PROVIDED DATA:
○ ○ ○ ○ ○ ○ ○
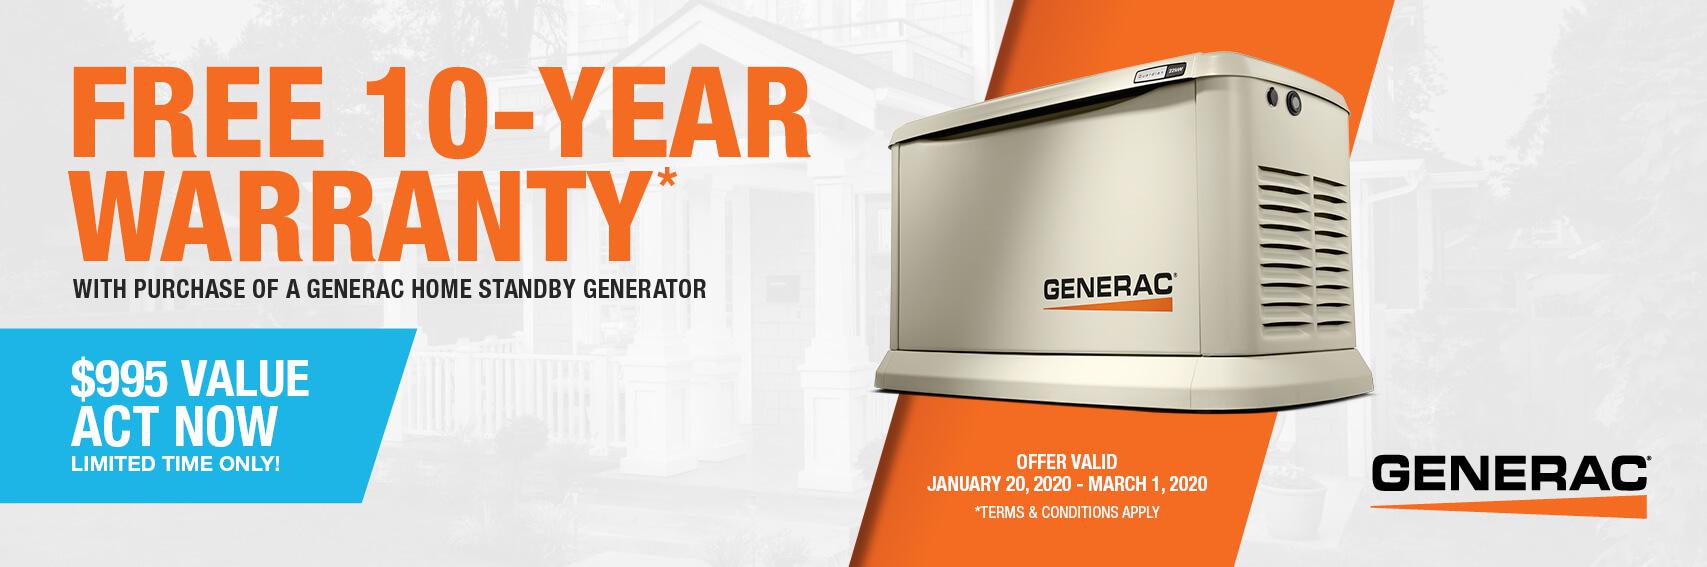 Homestandby Generator Deal | Warranty Offer | Generac Dealer | Chardon, OH
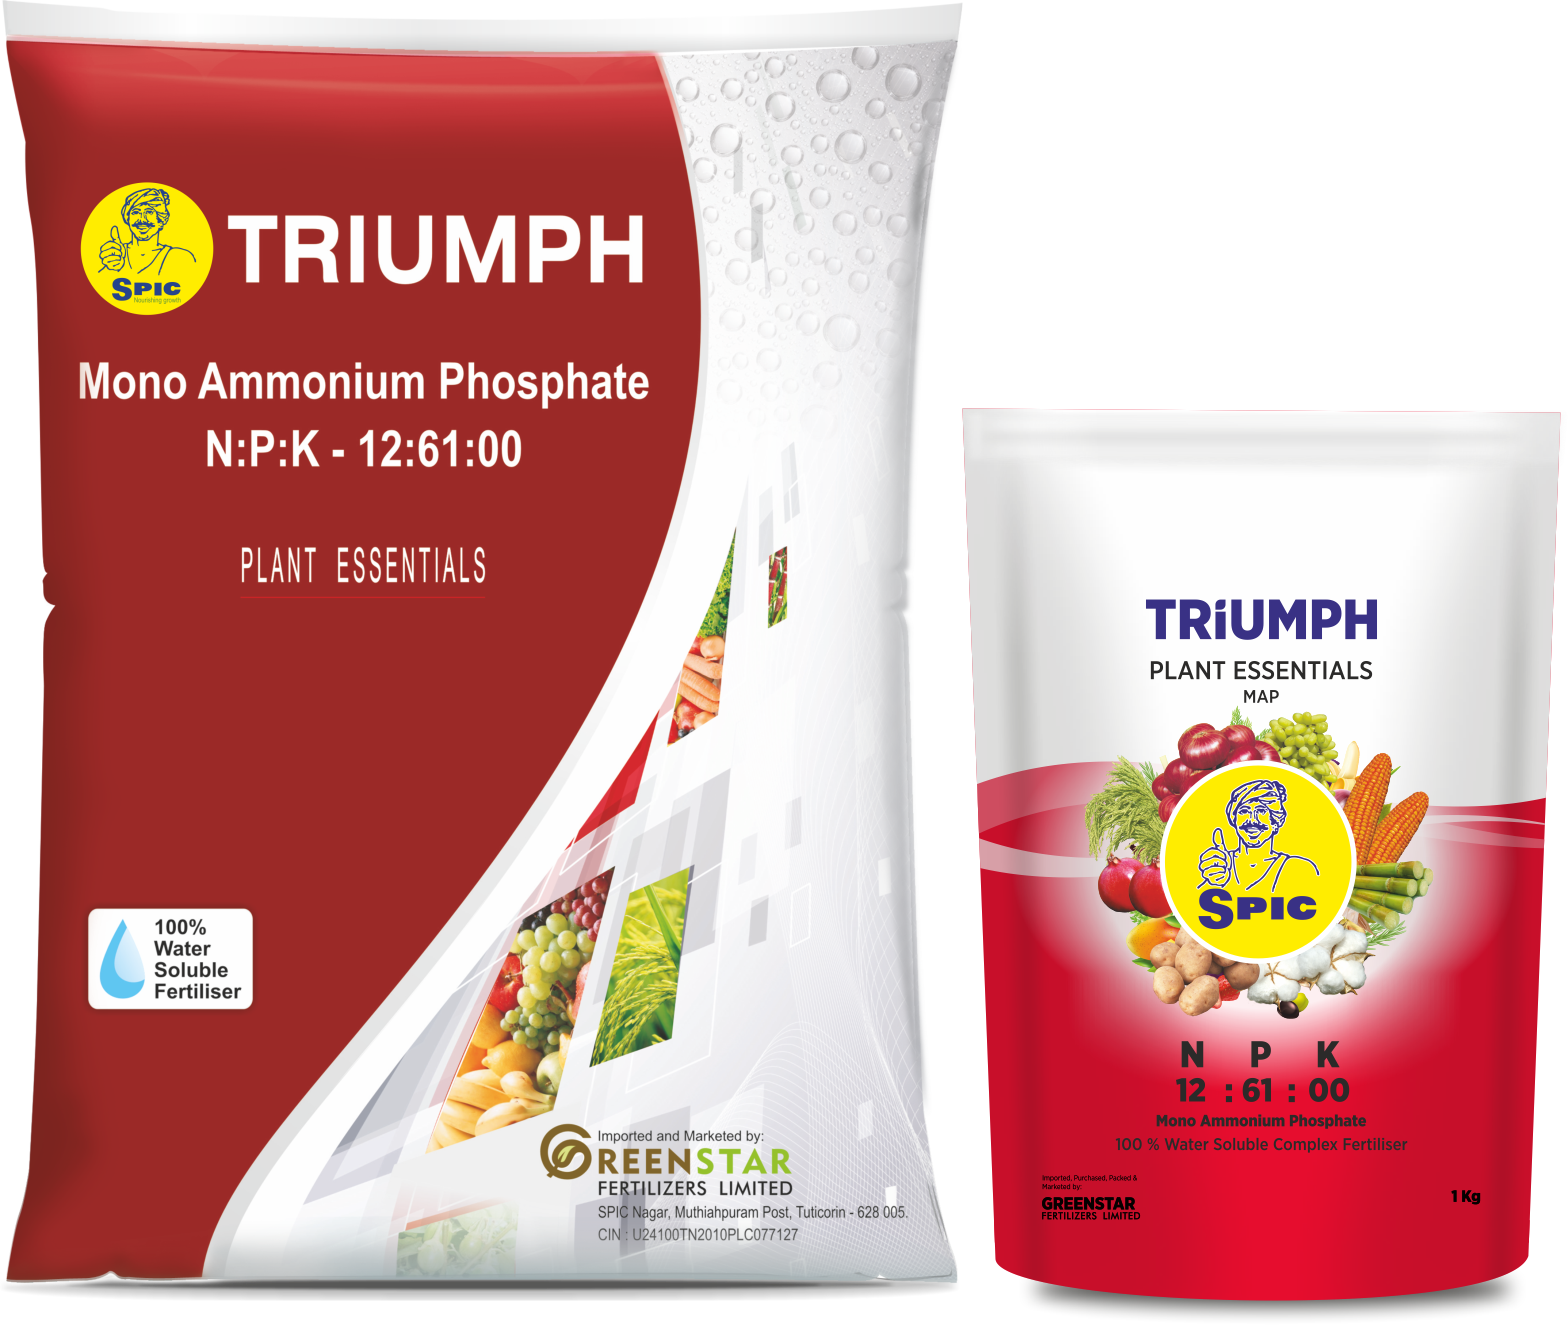 SPIC Triumph (NPK 12 61 00) Mono Ammonium Phosphate
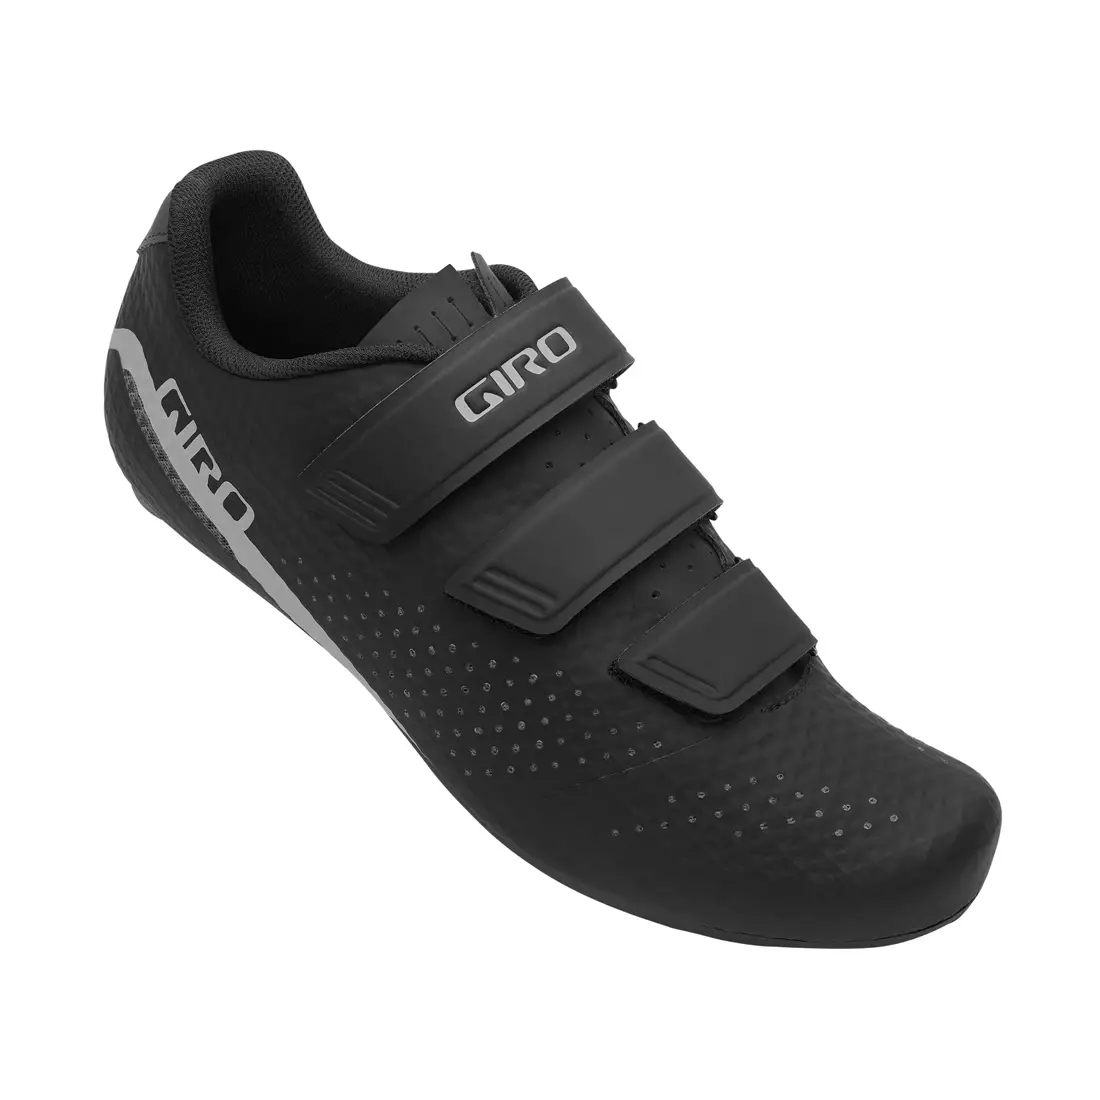 GIRO pánska cyklistická obuv STYLUS black  
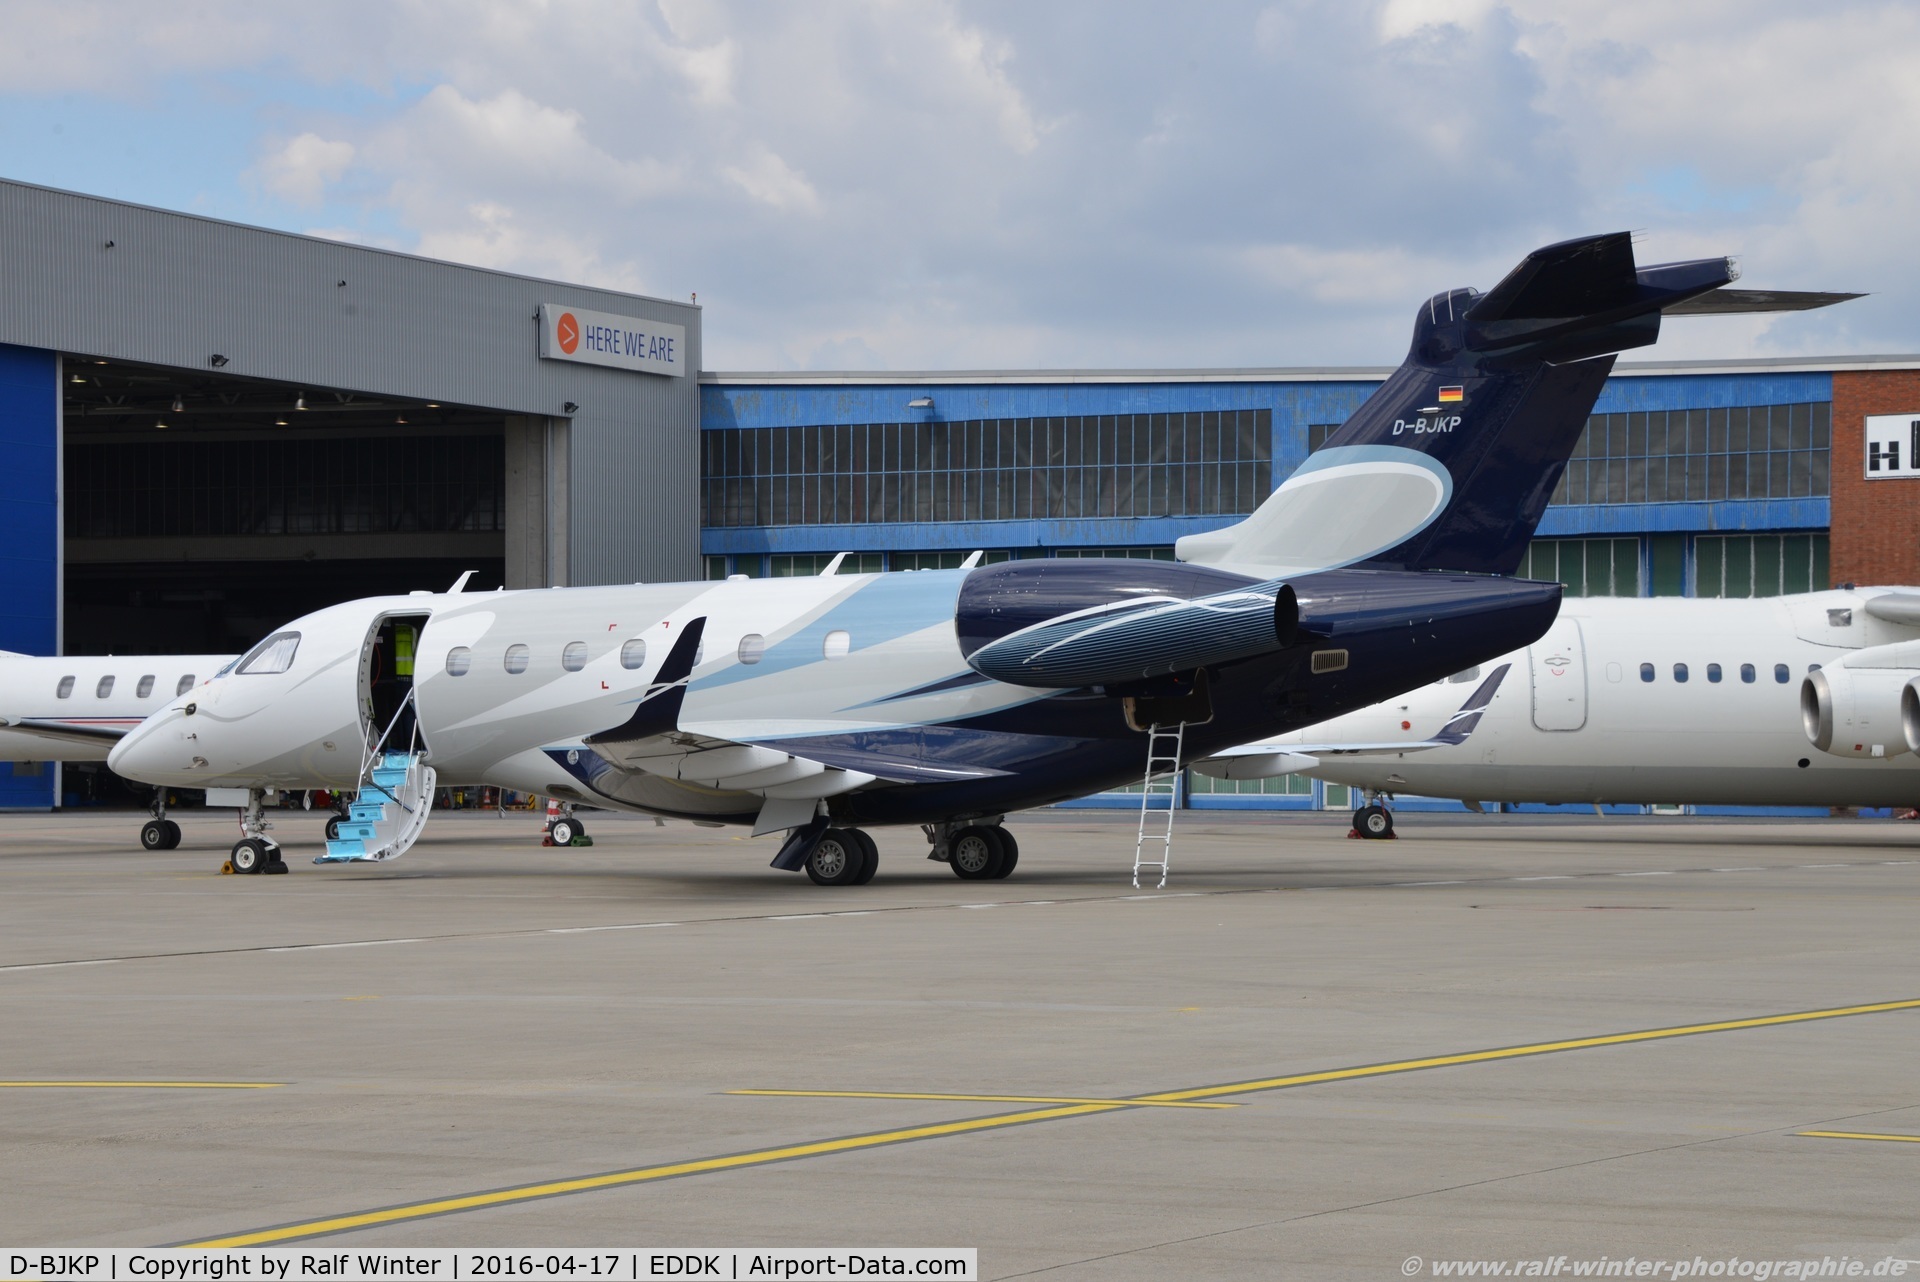 D-BJKP, 2012 Embraer EMB-550 Legacy 500 C/N 55000003, Embraer EMB-550 Legacy 500 - Elite Jet Service GmbH - 5500003 - D-BJKP - 17.04.2016 - CGN
○ ○ ○ ○ ○ ○ ○
ACTIVITY:
The answer should match the data above word for word, with no pictures in it.

SOLUTION BELOW:
 Homestandby Generator Deal | Warranty Offer | Generac Dealer | Chardon, OH
 SPIC Triumph (NPK 12 61 00) Mono Ammonium Phosphate
 GIRO pánska cyklistická obuv STYLUS black  
 D-BJKP, 2012 Embraer EMB-550 Legacy 500 C/N 55000003, Embraer EMB-550 Legacy 500 - Elite Jet Service GmbH - 5500003 - D-BJKP - 17.04.2016 - CGN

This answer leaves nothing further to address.